Task requirements: What are the lines, word for word, from the line with "The entrance of" up to and including the line with "Undefeated Champion 11oz" in the records below? Omit the pictures.

** Given records follows **

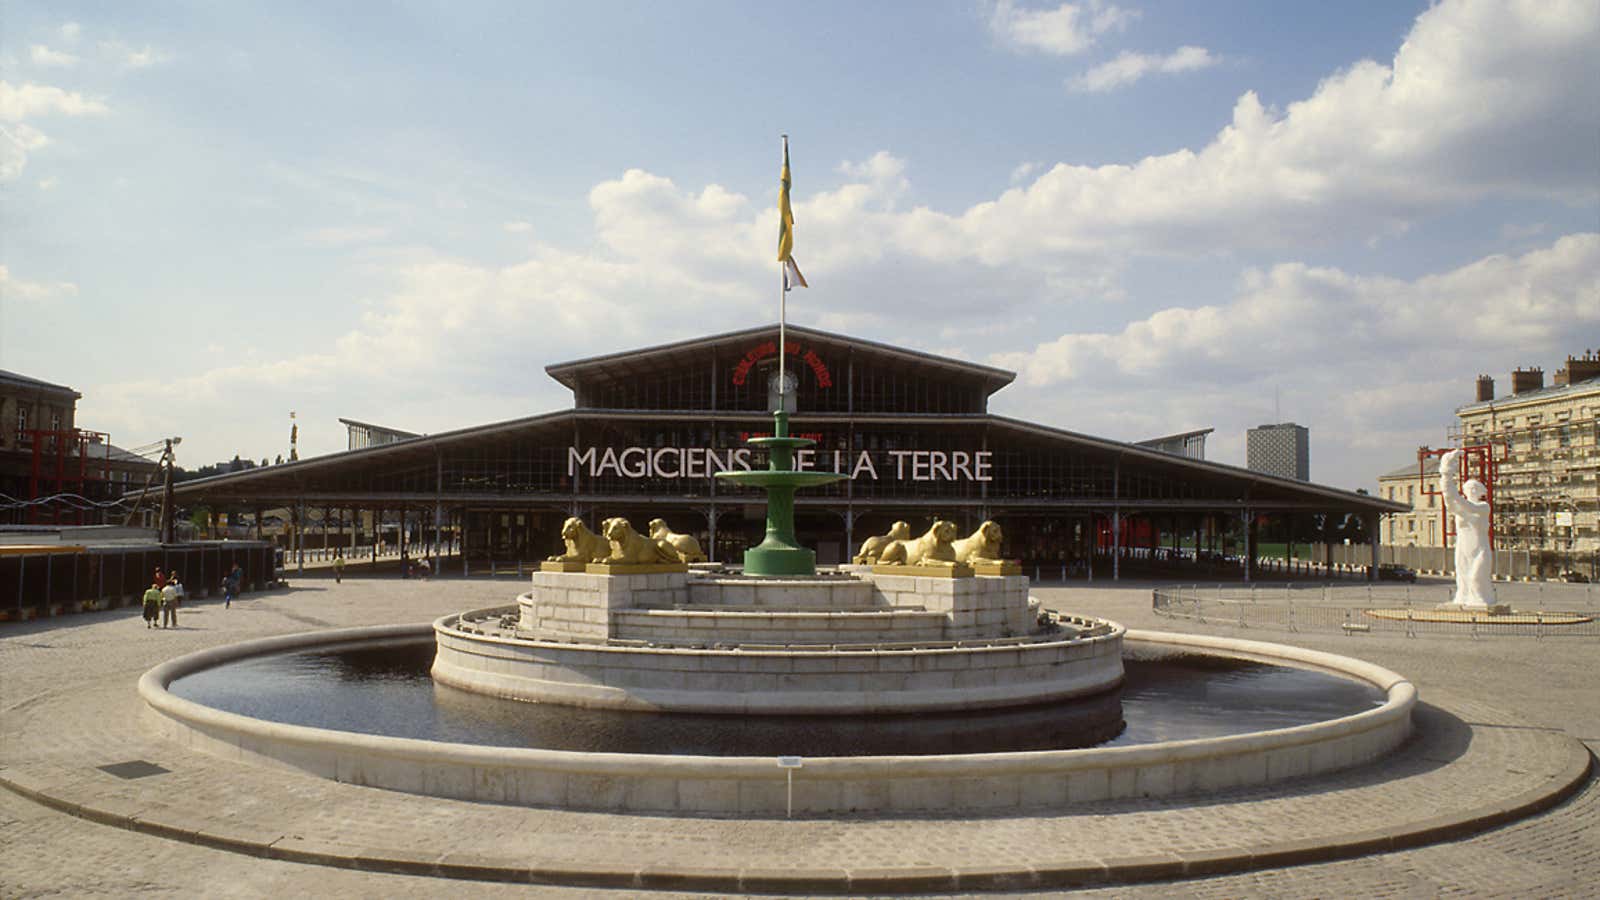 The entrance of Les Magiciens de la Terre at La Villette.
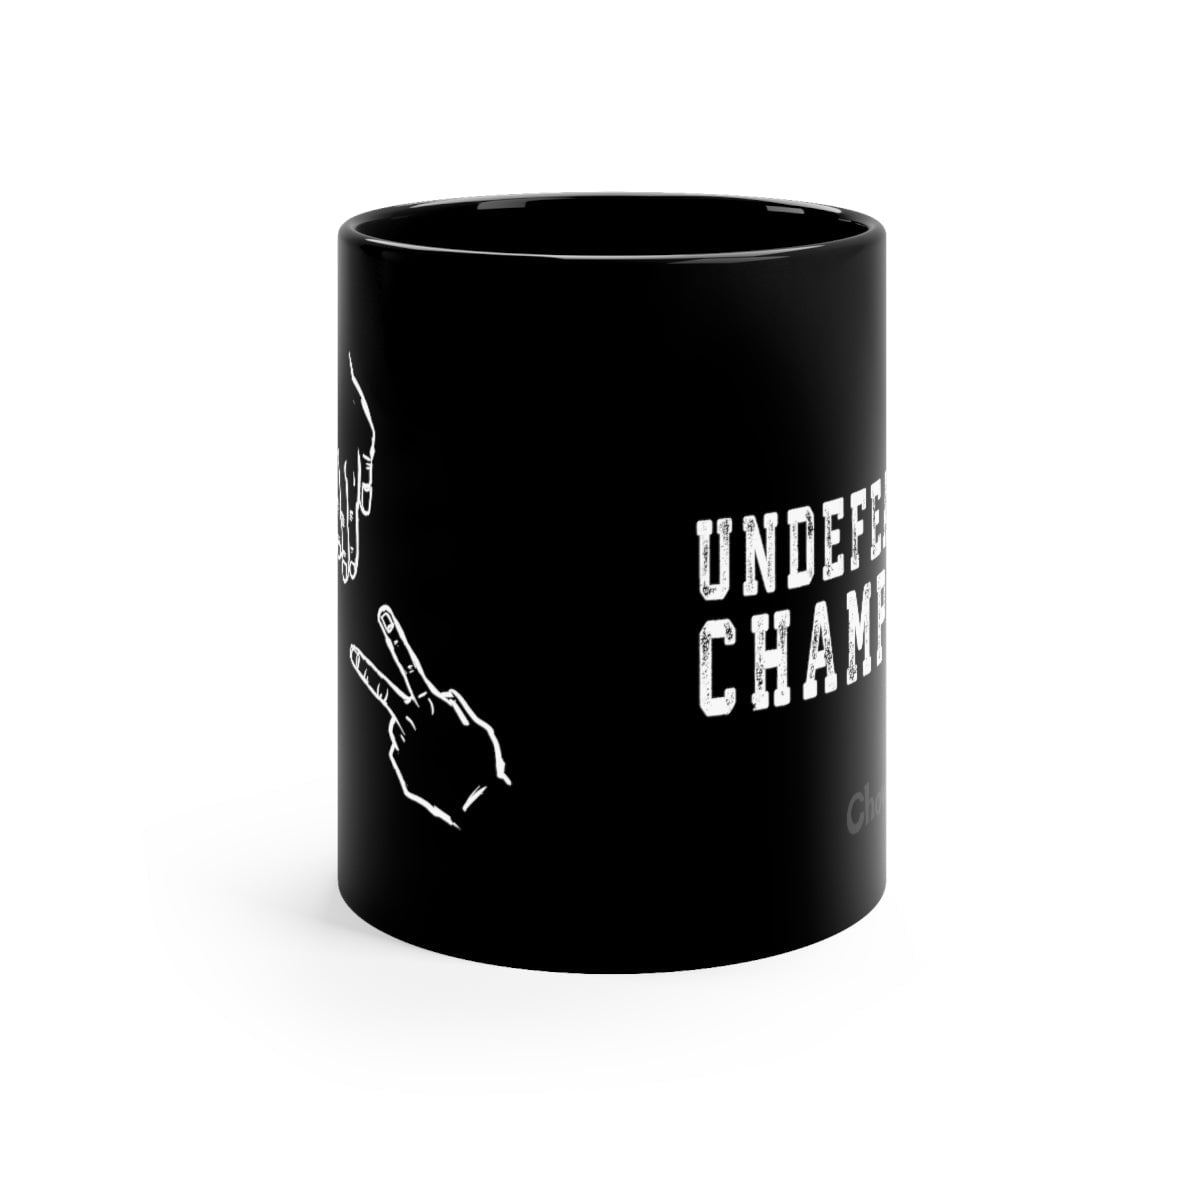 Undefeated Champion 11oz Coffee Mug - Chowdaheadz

** End of Given records **
** Given records follows **

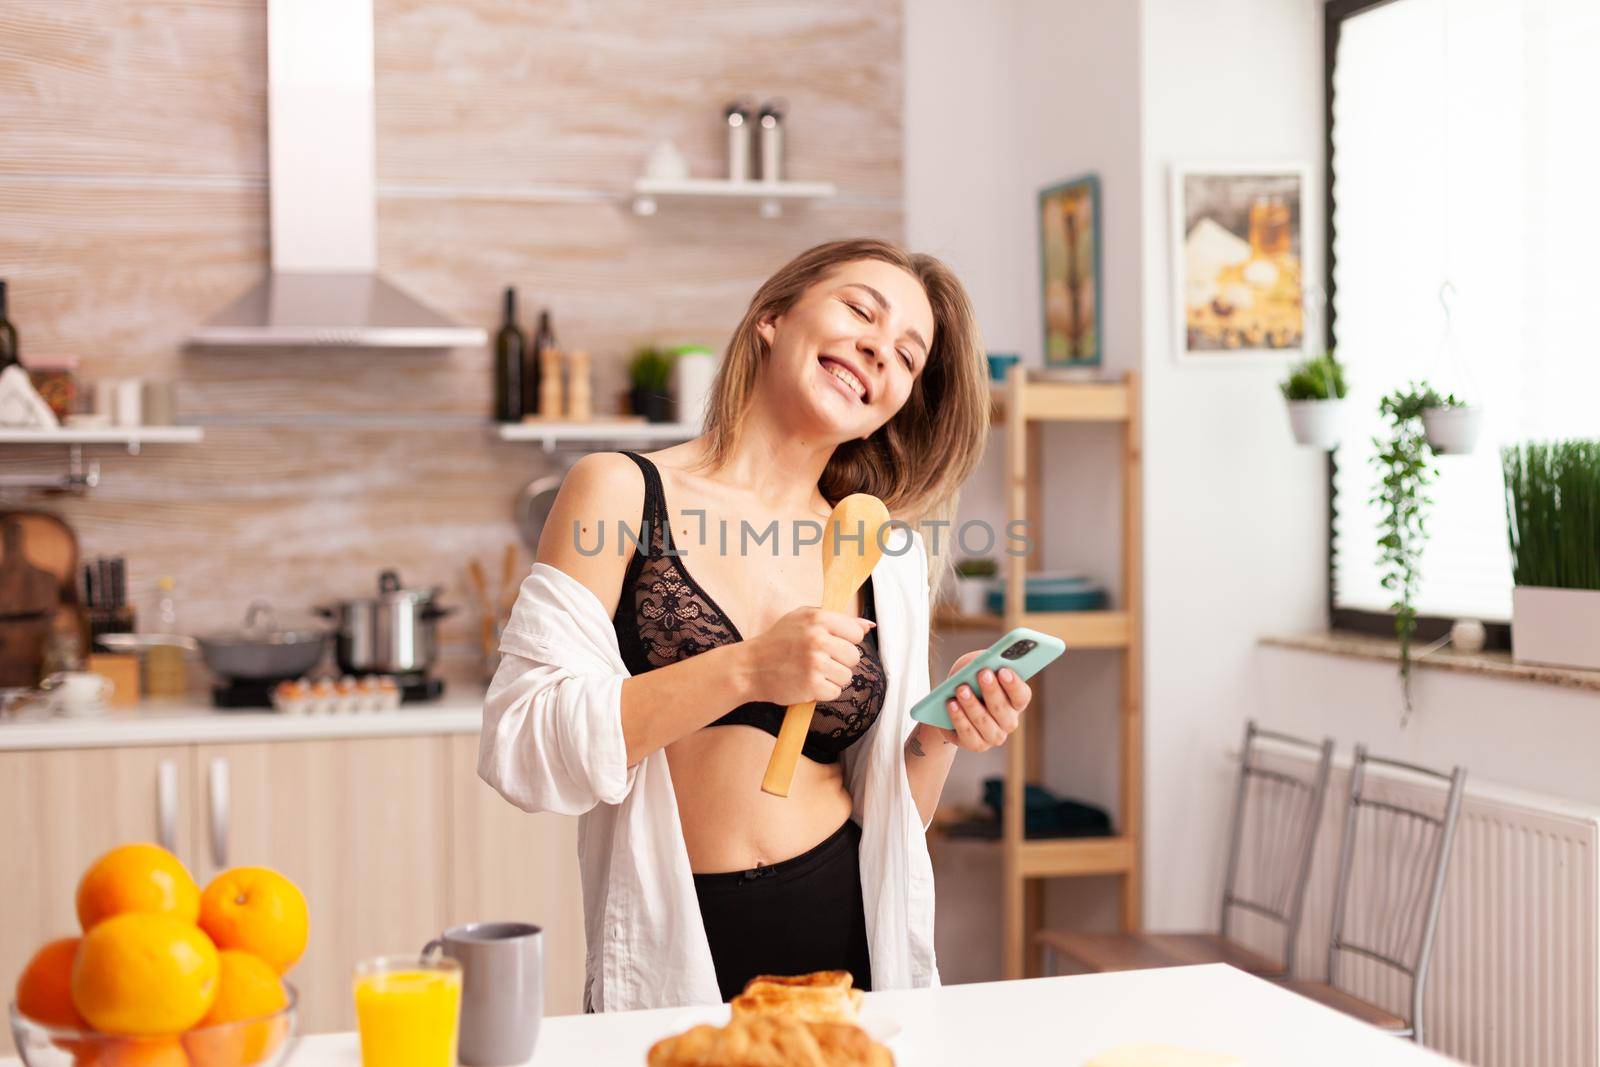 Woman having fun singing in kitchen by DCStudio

** End of Given records **
** Given records follows **

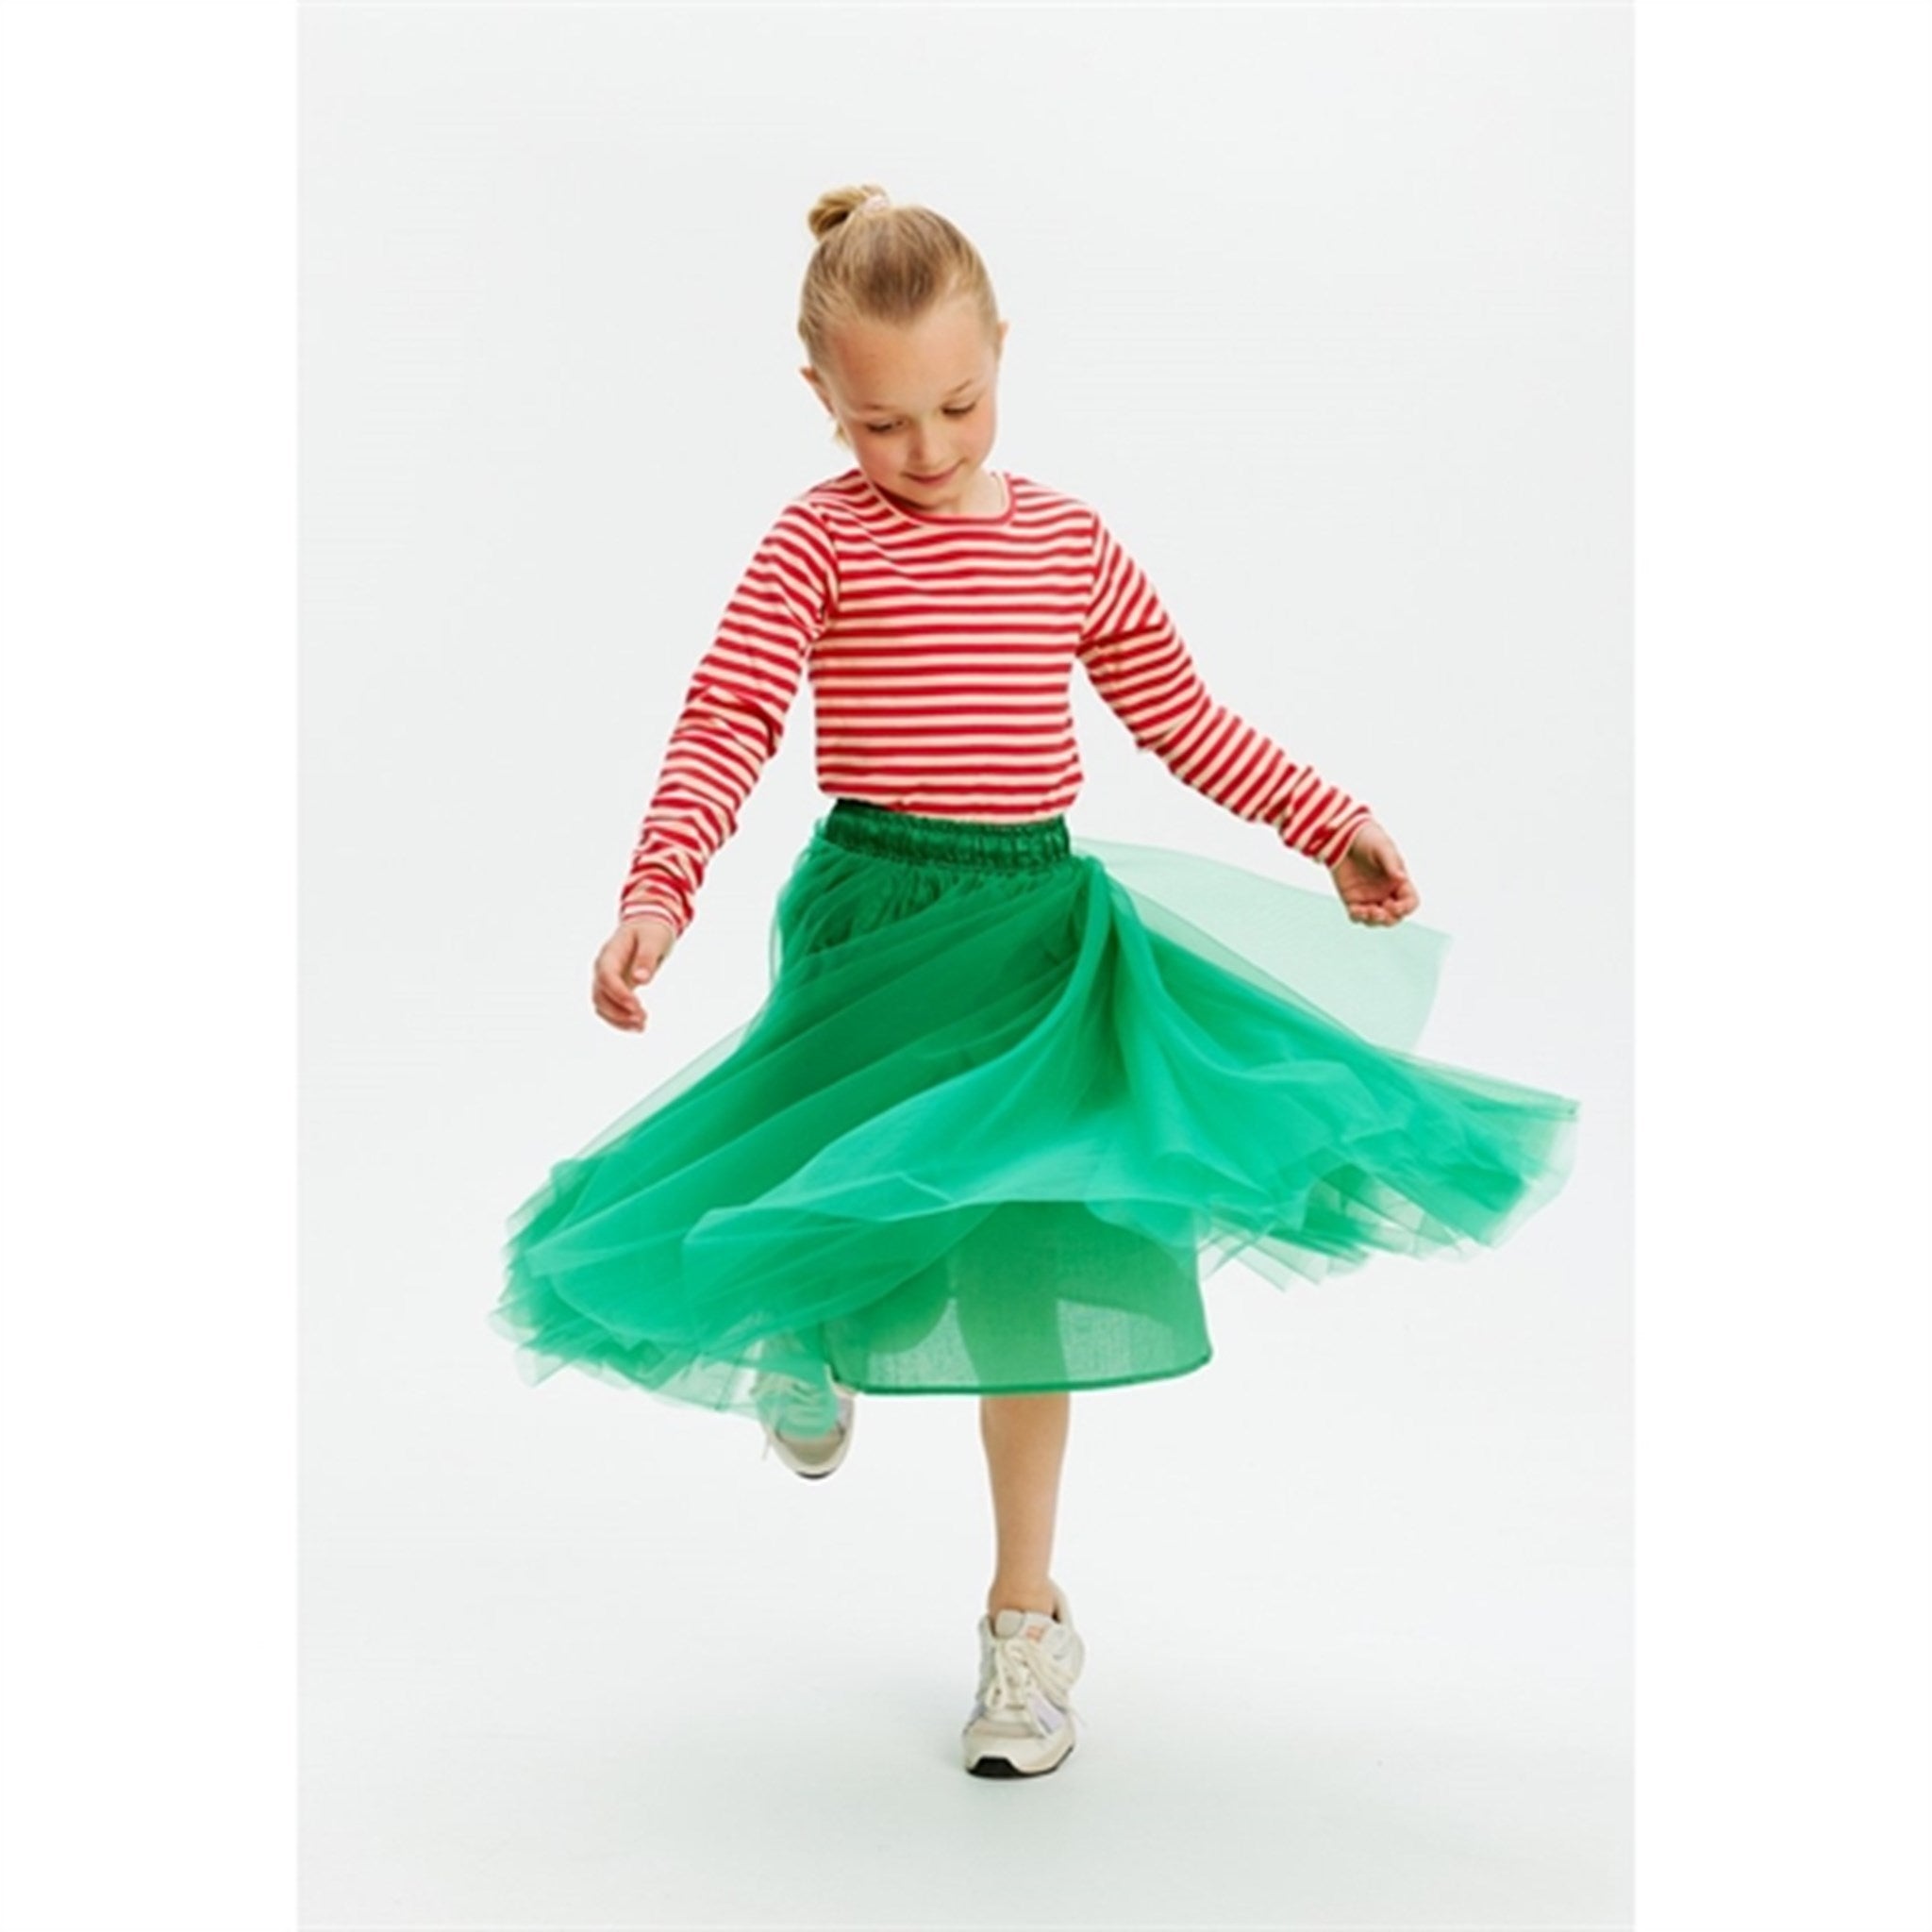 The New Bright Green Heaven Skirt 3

** End of Given records **

Exercise solution:
 The entrance of Les Magiciens de la Terre at La Villette.
 Undefeated Champion 11oz Coffee Mug - Chowdaheadz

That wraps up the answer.